=== Dataset section ===

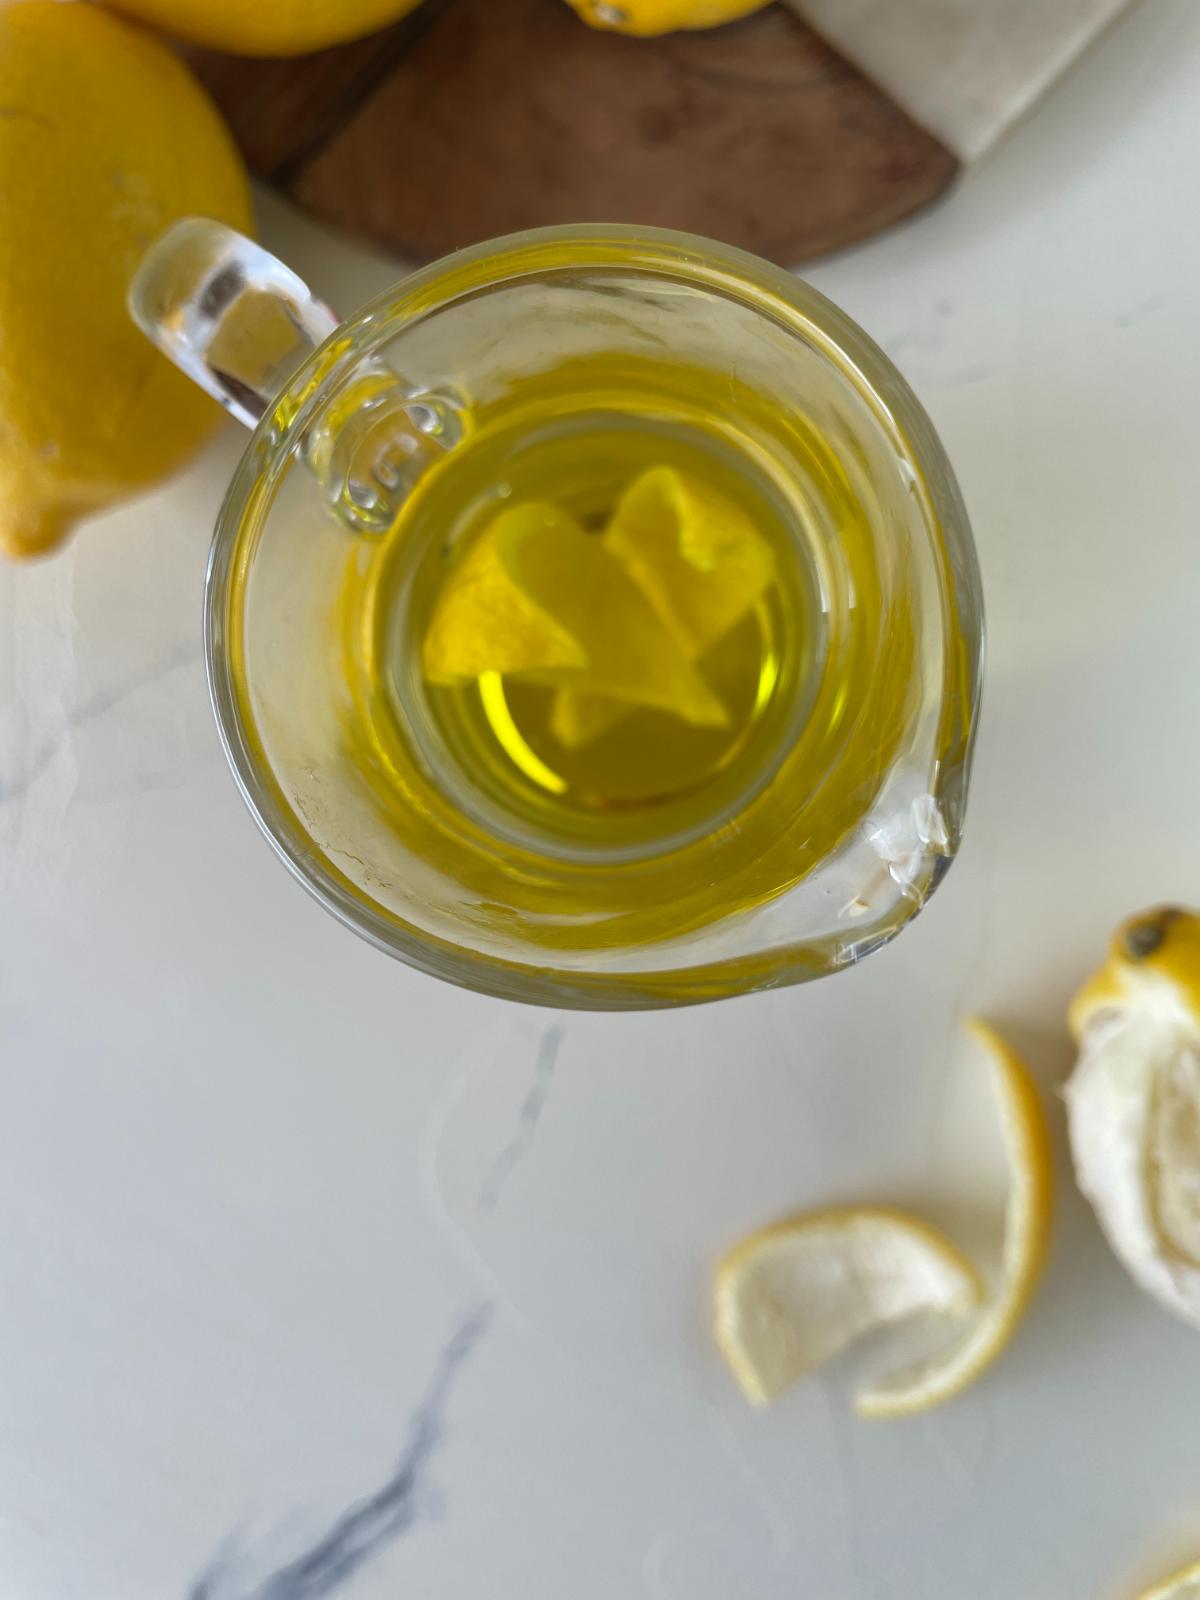  lemon infused olive oil in a jar
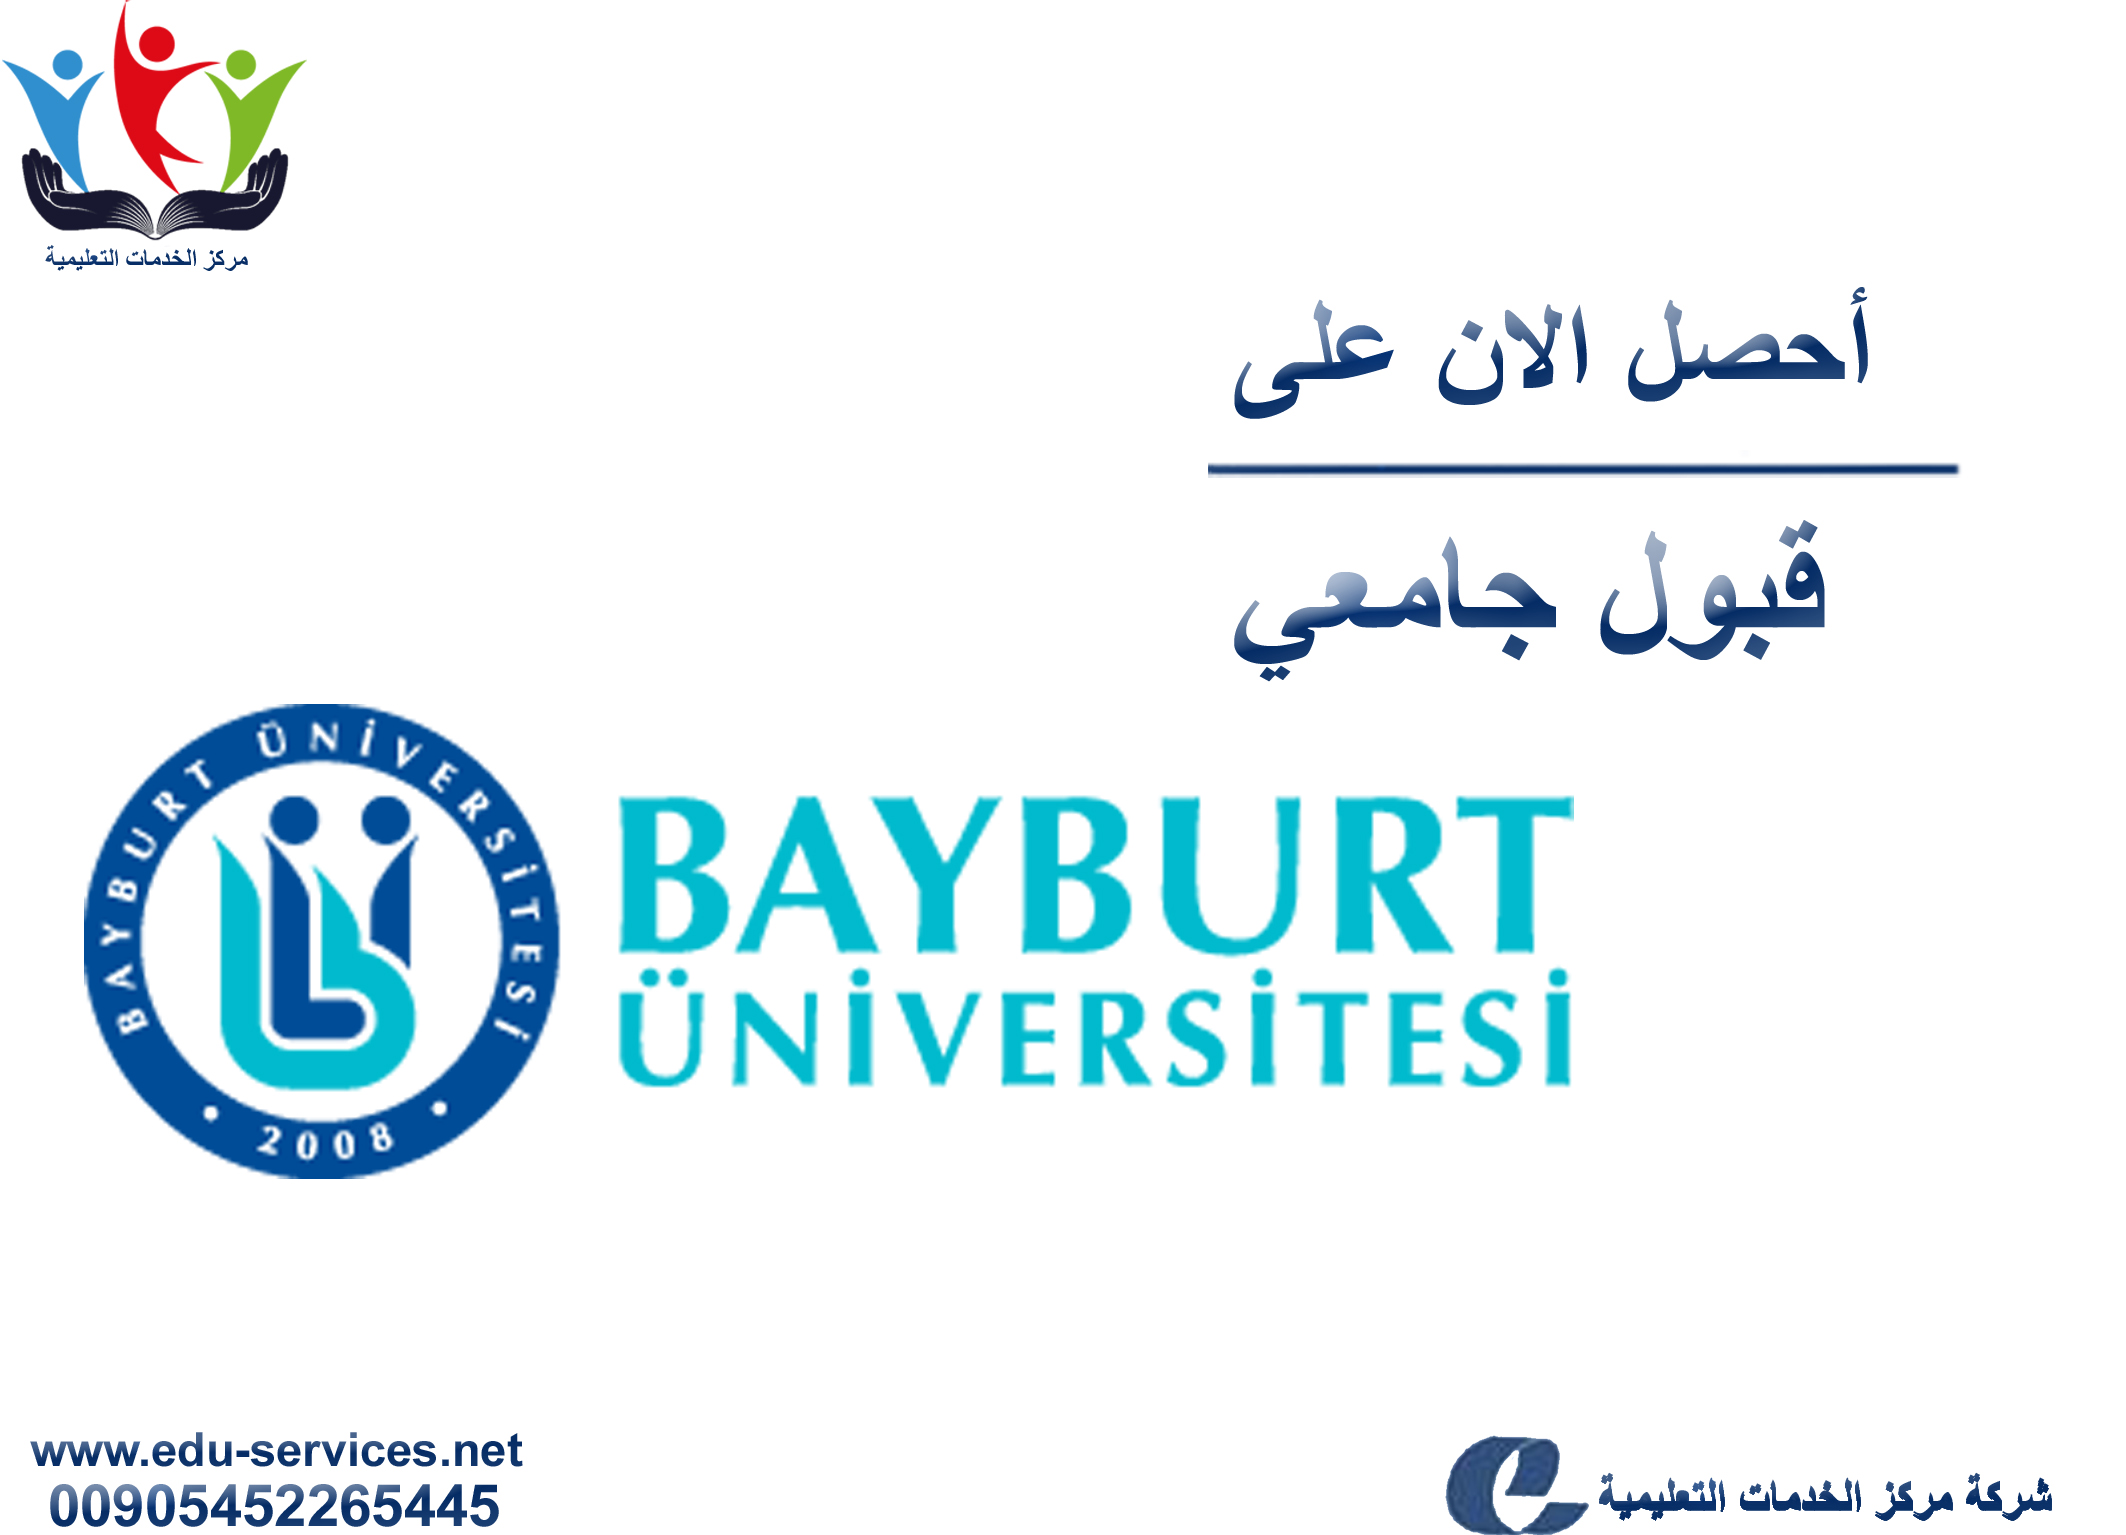 افتتاح التسجيل في جامعة بايبورت للعام 2018-2019
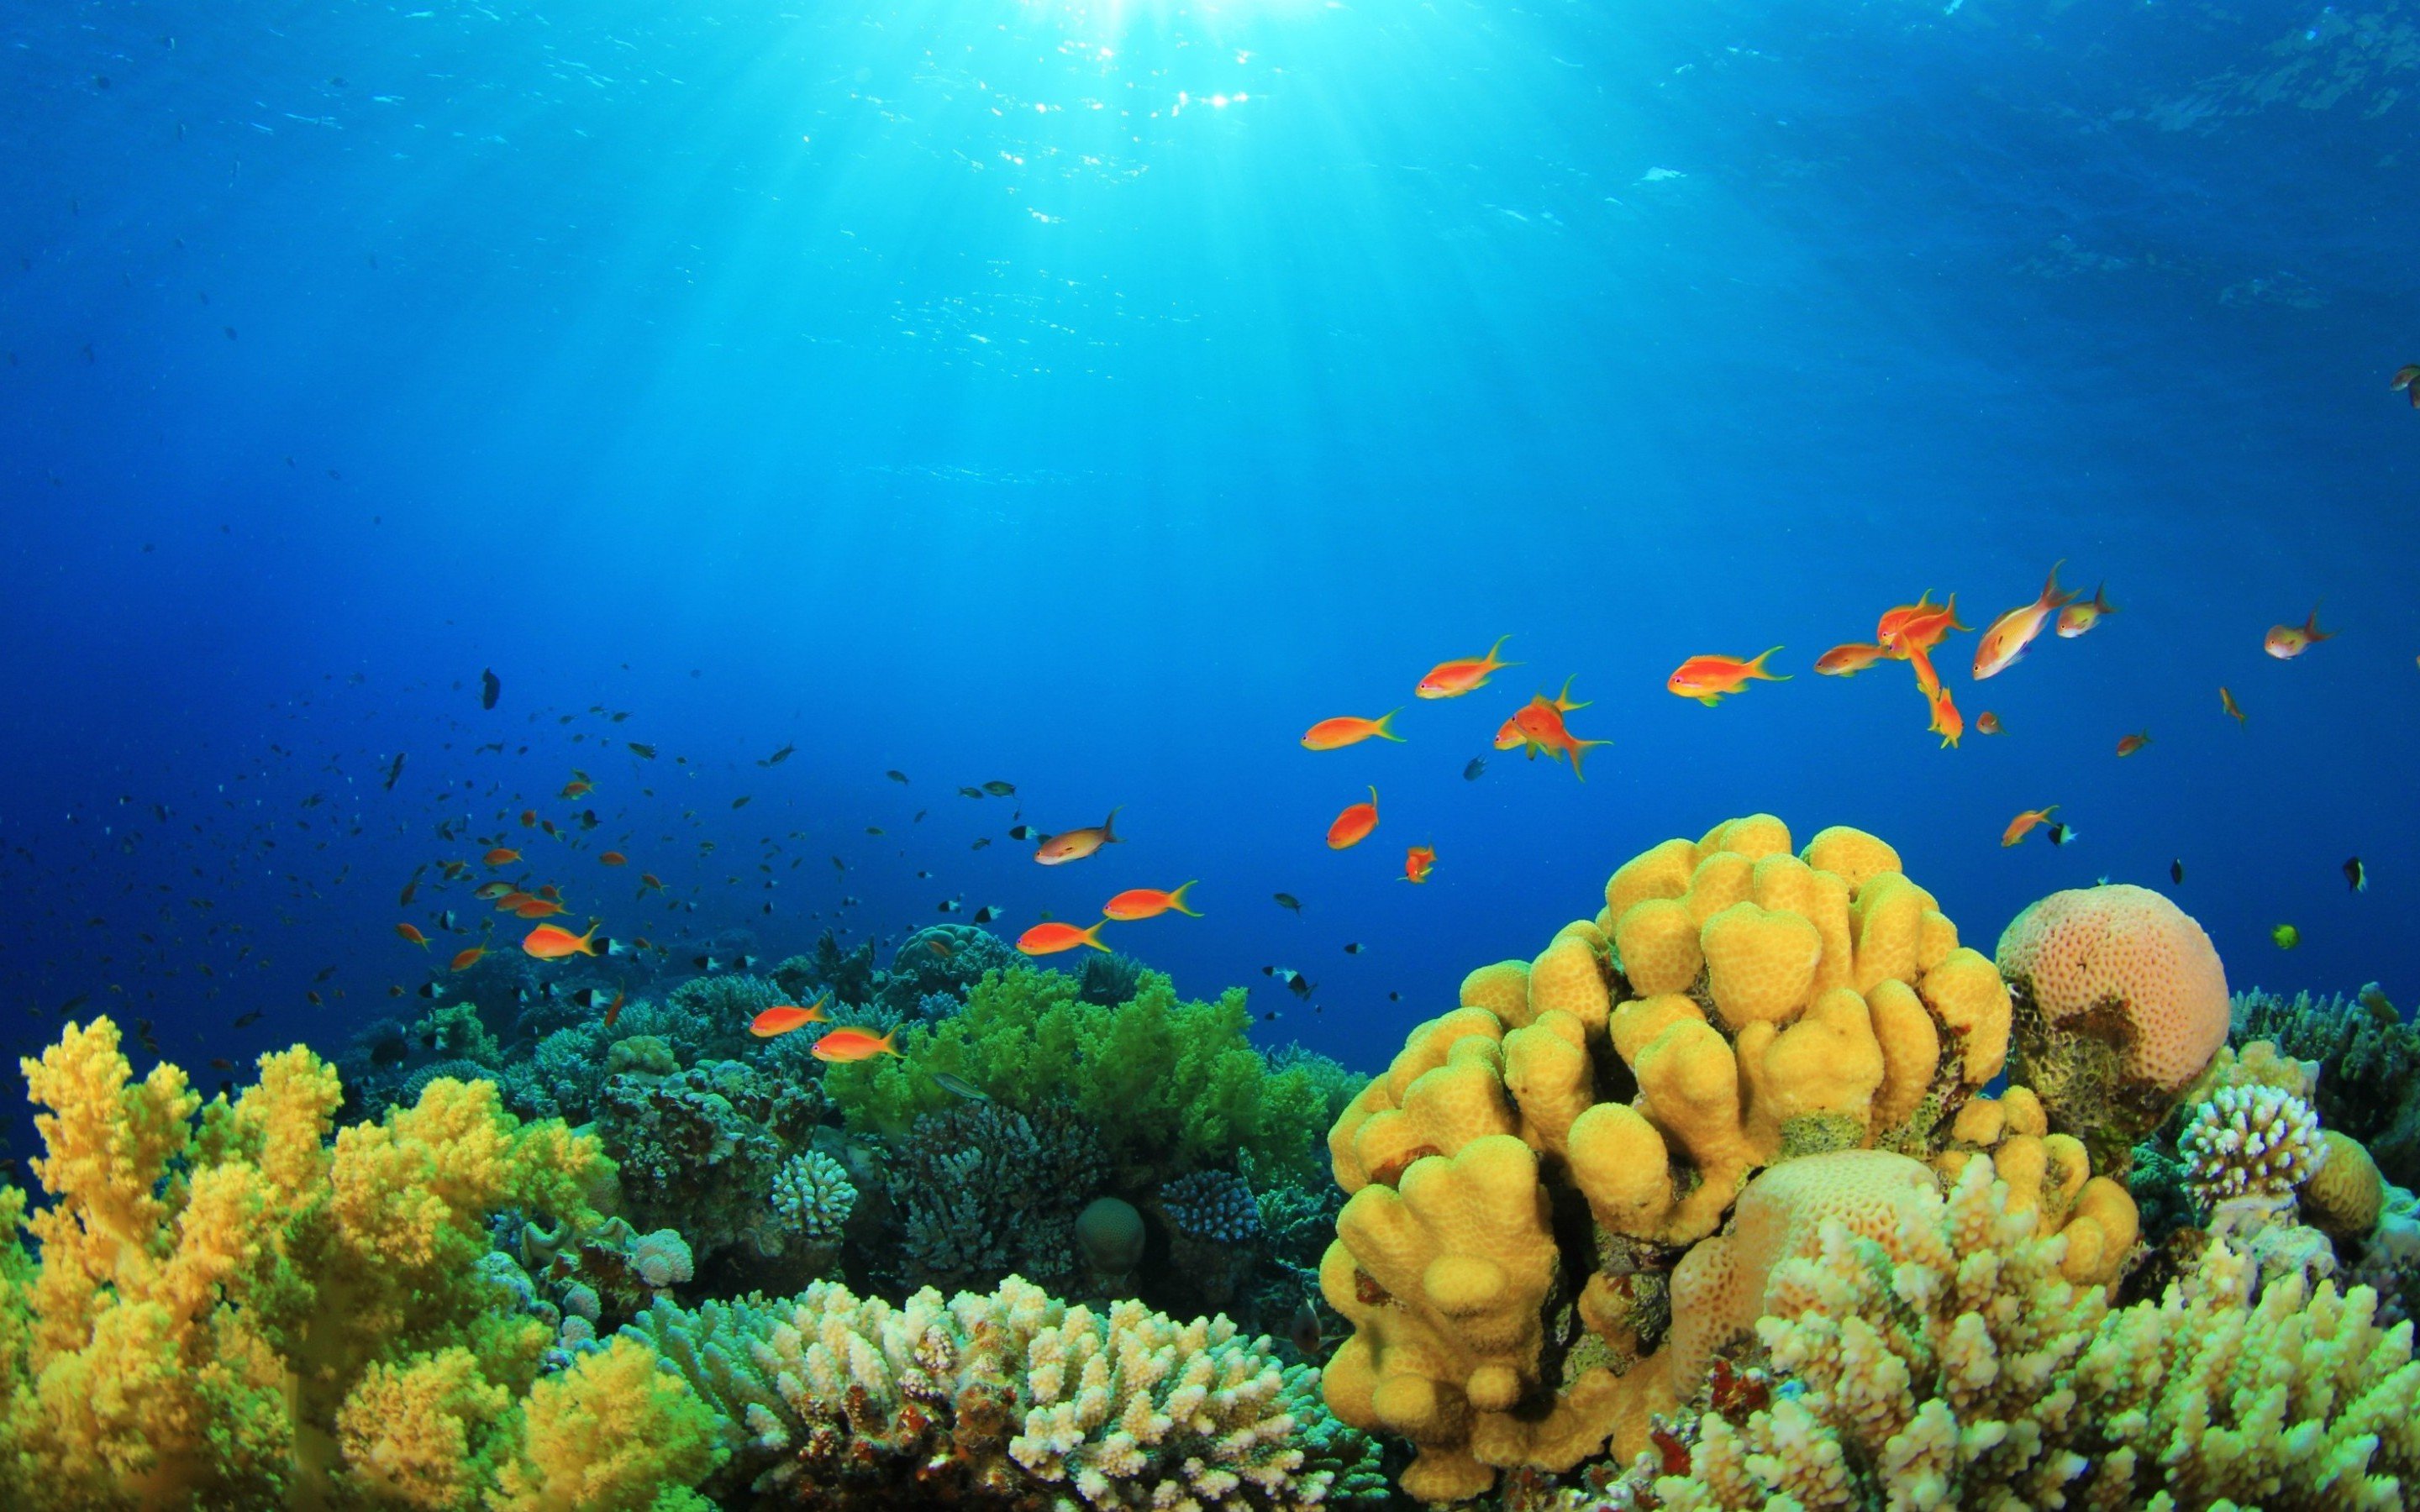 fondos de pantalla fundo do mar,arrecife de coral,arrecife,submarino,biología marina,naturaleza

===

About this exercise: From the line holding "افتتاح التسجيل في" to the final line of the data above, give each line again exactly, both ends included, and drop the pictures.

Solution below:
 افتتاح التسجيل في جامعة بايبورت للعام 2018-2019
 fondos de pantalla fundo do mar,arrecife de coral,arrecife,submarino,biología marina,naturaleza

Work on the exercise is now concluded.